1533 in tr. Erasmus Enchiridion Militis Christiani sig. av, Erasmus is the onely furbyssher Scouryng the harneys, cankred and aduste whiche neglygence had so sore fret with ruste.
1551 J. Bale Actes Eng. Votaryes: 2nd Pt. f. xliv, Lyke an adust conscyenced hypocryte.
1637 T. Nabbes Microcosmus ii. sig. C3, Provoke me no more: I am adust with rage.
1667 Milton Paradise Lost xii. 635 With torrid heat, And vapour as the Lybian Air adust.
1684 tr. T. Bonet Guide Pract. Physician vi. 179 The Vulgar now and then cure putrid Fevers by taking of adust Wine.

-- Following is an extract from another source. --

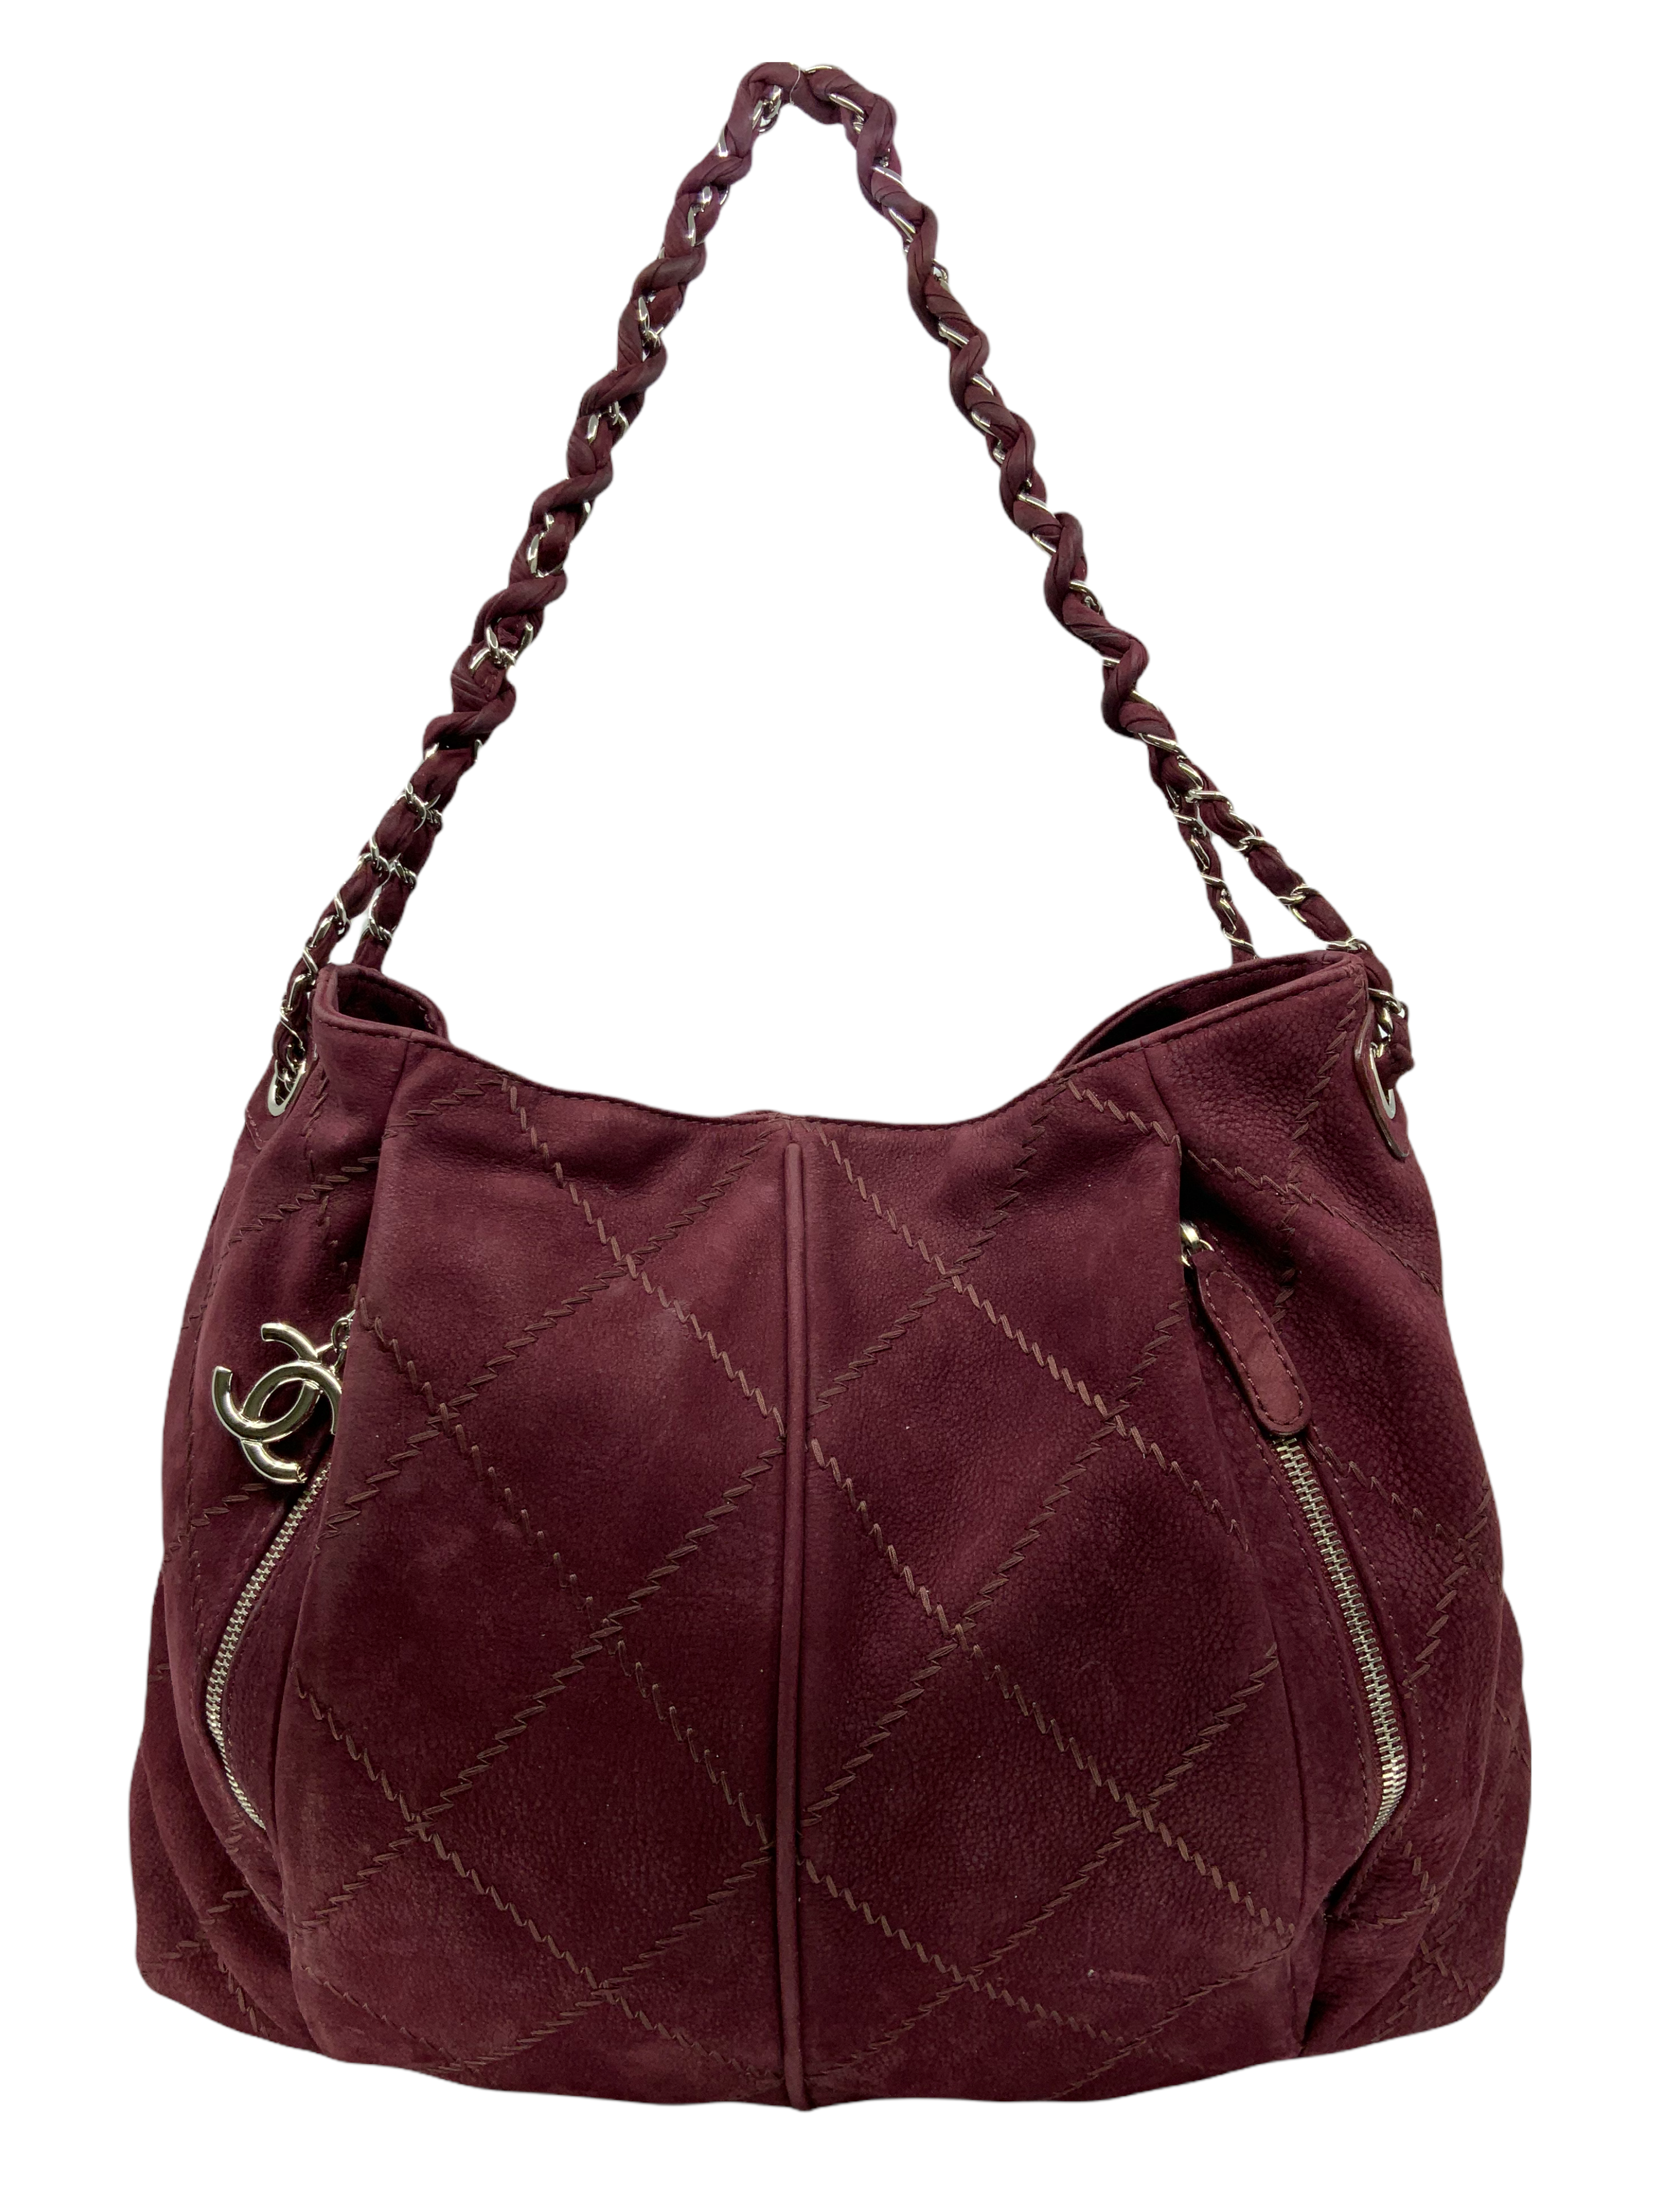 HealthdesignShops, Chanel Vintage Handbag 375885

1709 M. Prior Poems Several Occasions(ed. 2) 168 Arcadia However streamy now, adust and dry Deny'd the Goddess Water.
1756 S. Hales in Philos. Trans. 1755(Royal Soc.) 49 327 Its more disagreeable adust taste.
1837 T. De Quincey Revolt of Tartars in Blackwood's Edinb. Mag. July 105/2 The camels..These arid and adust creatures.
1857 Fraser's Mag. 56 69 African islands..whose desolate and adust beauty sets the imagination all on fire.
1919 Scribner's Mag. Mar. 271 Geysers, leaping to the sun, In lands adust, untrod by men.
†b. Of or designating a dark brown colour, as if scorched; (of a person) dark-skinned, tanned. Obs.
?1586 M. Hanmer Baptizing of Turke sig. B4, These people inhabiting Mauritania in Affricke, are..for their adust, and blacke colour called μαύροι and μαυρούσιοι Moores.
1596 T. Nashe Haue with you to Saffron-Walden sig. Q4v, Of an adust swarth chollericke dye.
1601 P. Holland tr. Pliny Hist. World I. ii. lviii. 28 Which stone is shewed at this day..carrying a burnt and adust colour.
1678 London Gaz. mcccxxv/4 One Mary, a Lecestershire woman..complection somewhat adust..Run away from [etc.].
c1760 T. Smollett Ode to Independence 67 Arabia's scorching sands he crossed..Conductor of her Tribes adust.
1845 R. Ford Hand-bk. Travellers in Spain I. ii. 202 Here everything is adust and tawny, from man to his wife, his horse, his ox, or his ass.